Reputation: 11
My team has an application, in which we have different configurations that contains some query data. Each configuration corresponds to some queries and business logic written as glue jobs. When the configuration is executed, the queries are either executed on AWS Athena or/and AWS Glue to get a final result. We do other operations in glue job as well sometimes, depending on our business logic for the configuration. We want to build a testing framework, that can test our business logic. So we can provide some dummy data, either locally or some S3 file/table, and the business logic executes as usual depending on the configuration on this dummy data and executes all the Athena queries or Glue queries/operations and gives us the filtered data, which we can match with some 'expected data' to test our business logic. We want to achieve this with some local computation instead of actual calls to AWS Athena or glue to keep our costs in check. If anyone has any suggestions for this, please let me know.
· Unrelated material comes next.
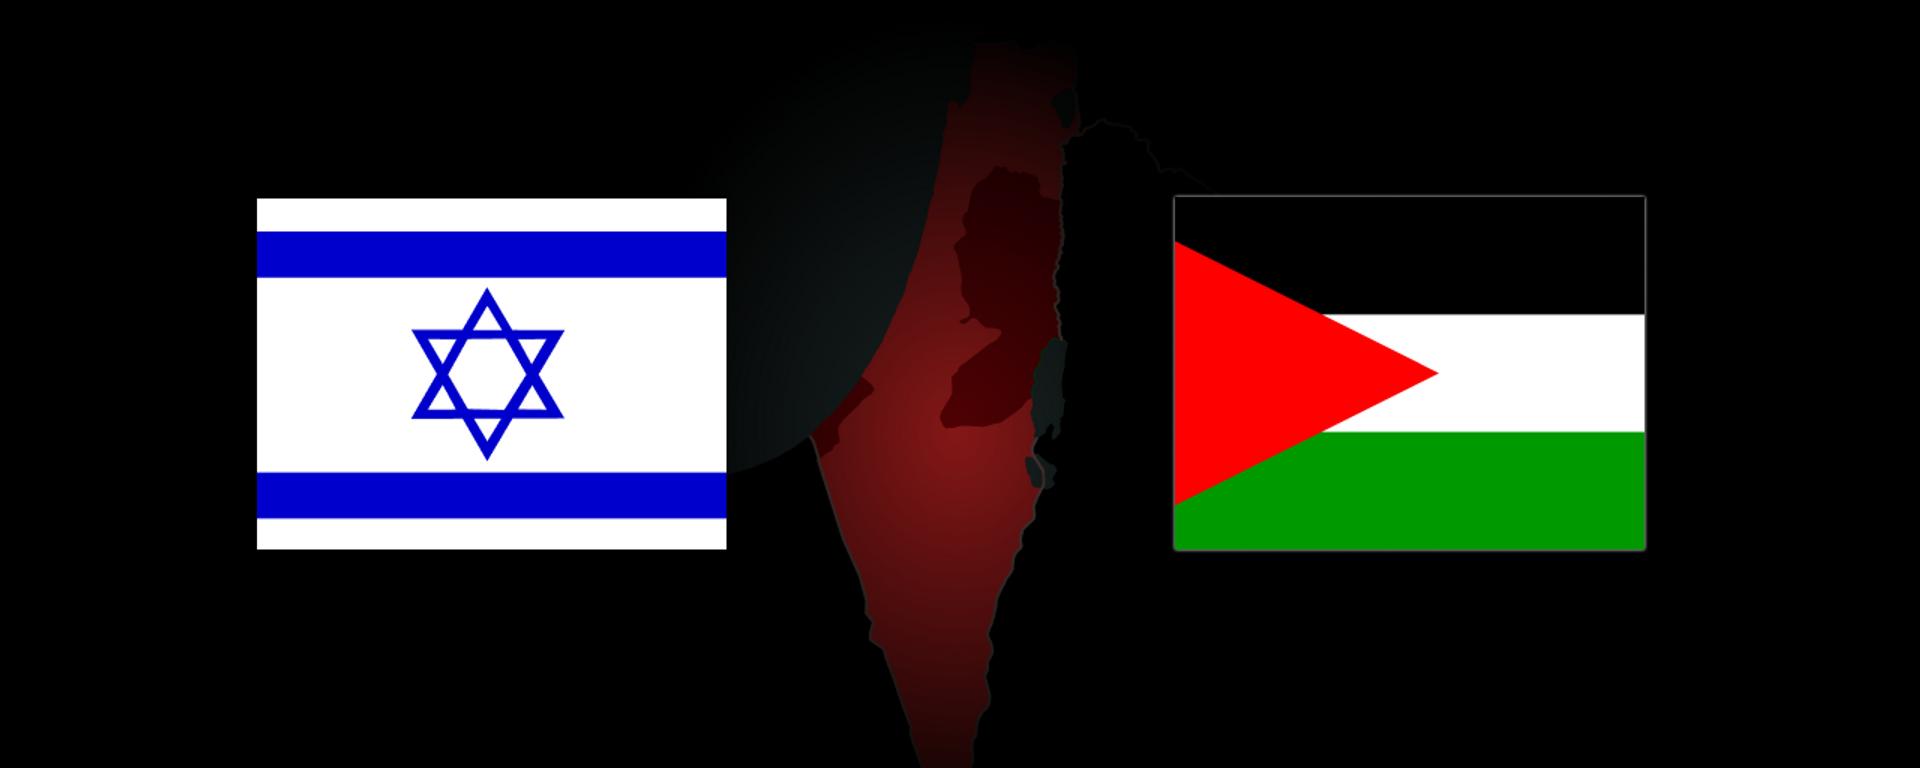 Risultati dell'escalation del conflitto tra Israele e Palestina - Sputnik Italia, 1920, 21.05.2021

I found something for AWS glue: developing a docker image but couldn't find anything similar for Athena.
Upvotes: 1
Views: 564
Reputation: 142008
Athena is based on Presto/Trino (depending on engine version you are using) so you can use docker images for those (Trino, Presto). But note that API surface can differ a bit so for "honest" integration testing it is still better to use the Athena itself.
Also Athena charges per data scanned ($5.00 per TB of data scanned) so if your dummy data is small I would argue it would not be that much to just use the Athena itself.
Upvotes: 1